Because it's very hard to control it's rendering model. And the fact that multi billion dollar startups and multi trillion dollar companies hiring ivy league charlatans still have bloated low-performing websites written in react (that don't even need react...) clearly states the issues aren't that trivial.

> React has always been tracking what component relies on what state, independent of the compiler.

This still needs a complete parsing and analysis of your components and expressions. Which is why there is no single very performing UI library that can avoid directives.

Capricorn2481 an hour ago | parent | prev [-]

Because people make shitty React apps and people think React is slow because of it.

It's definitely not slow here. It's within 20% of Svelte. That's not nothing, but it's not the huge monster people claim it is

https://krausest.github.io/js-framework-benchmark/2025/table...

epolanski 4 minutes ago | parent [-]

When 99% of React apps (websites tbh, with very few needs for complex reactivity...) including those built by multi billion/trillion $ companies, struggle to produce non-bloated, non-slow, accessible websites, you know that the library is simply too complex to tame.
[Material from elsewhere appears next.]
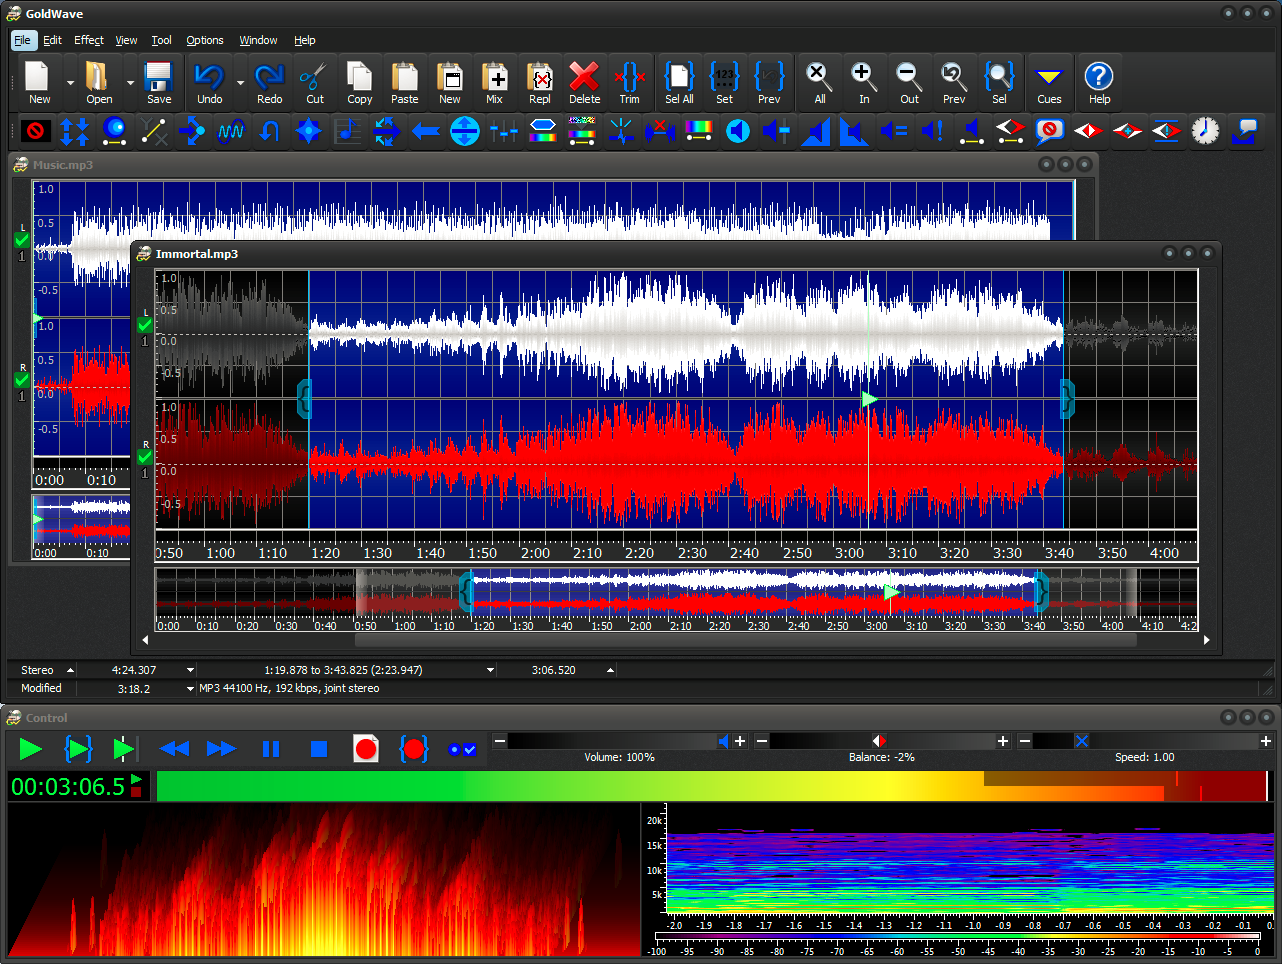 goldwave是一个集声音编辑,播放,录制和转换的音频处理工具,支持对wav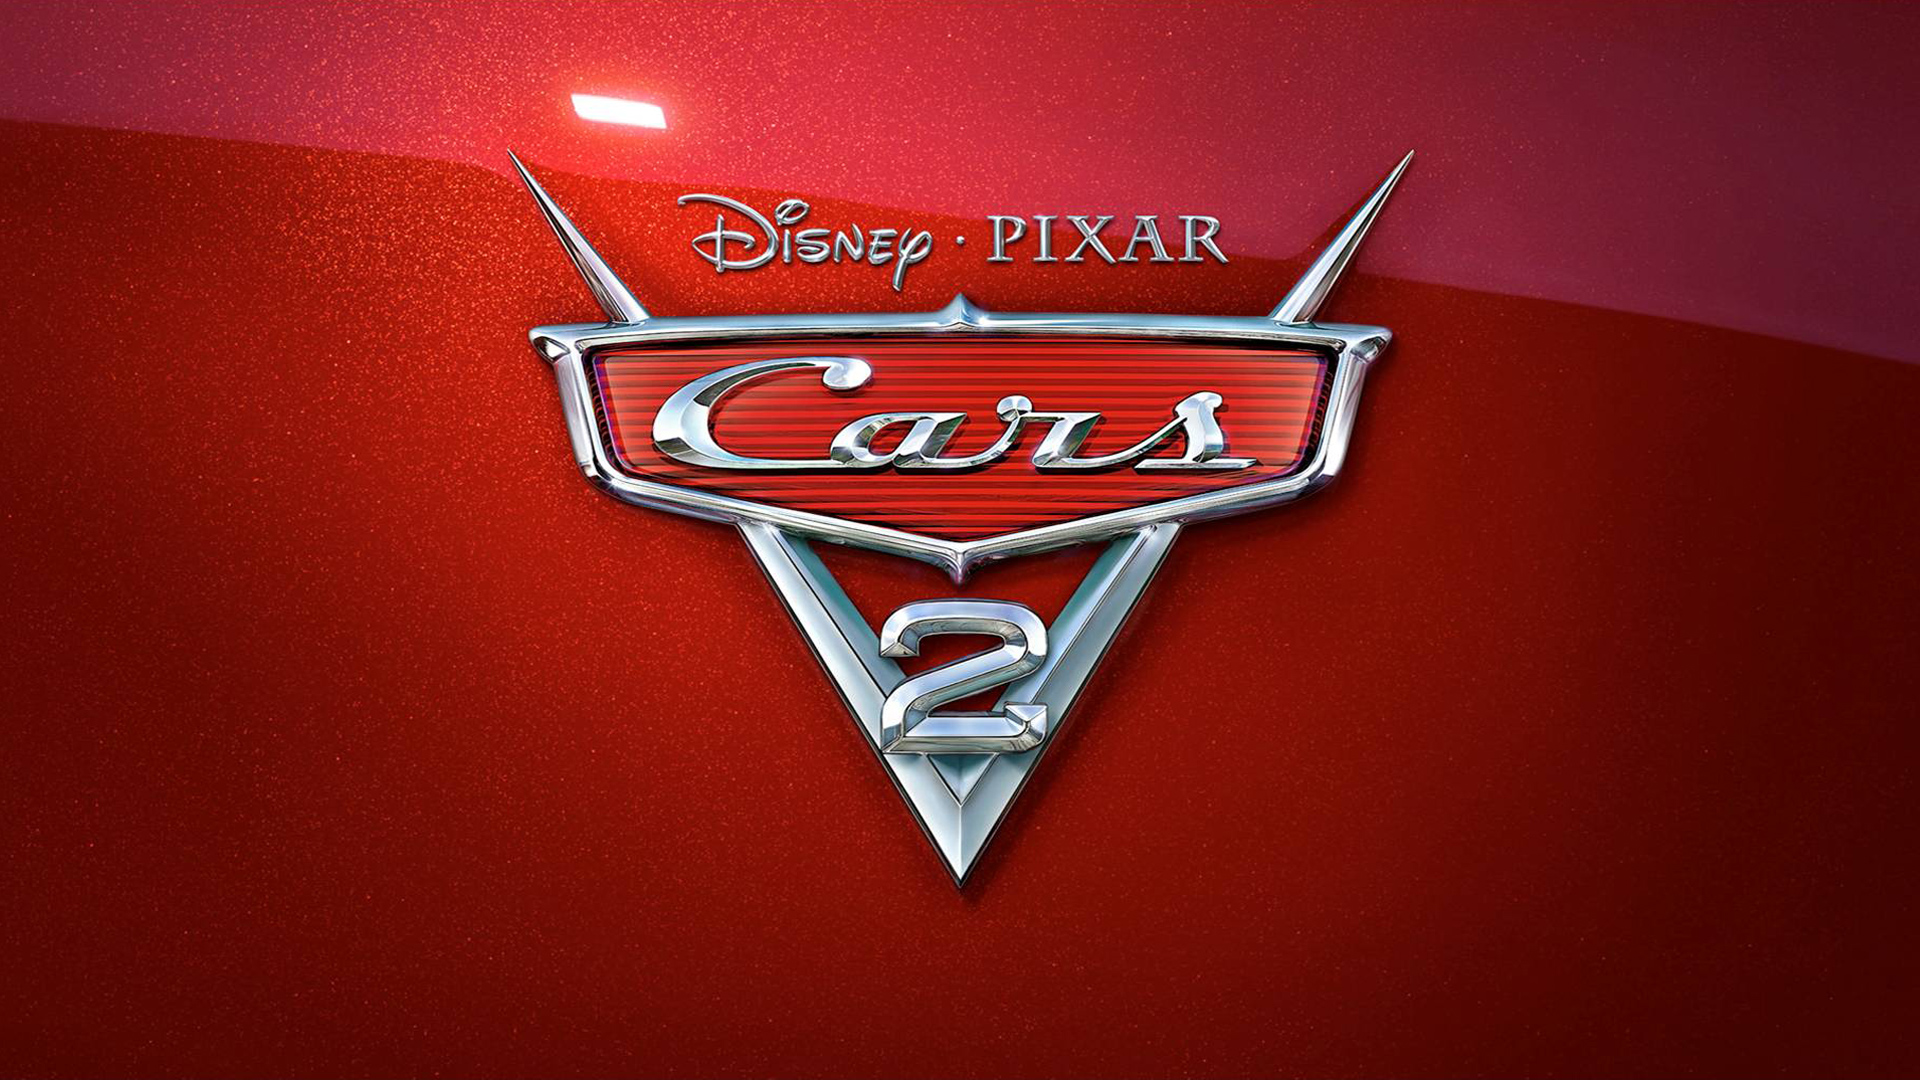 Disney Cars Logo Wallpaper 1920x1080 27655

Of course React can be performant, but still, you're getting a PhD in its internals and hooks to get what you have in vue/nuxt/svelte whatever out of the box.

bryanrasmussen 3 hours ago | parent | prev [-]

useMemo is for maintaining calculations of dependencies between renders, renders generally caused by state changes. React always tries to track state changes, but complicated states (represented by deep objects) can be recalculated too often - not sure if React 19 improves this, don't think so when reading documentation.

on edit: often useMemo is used by devs to cover up mistakes in rendering architecture. I believe React 19 improves stuff so you would not use useMemo, but not sure if it actually makes useMemo not at all useful.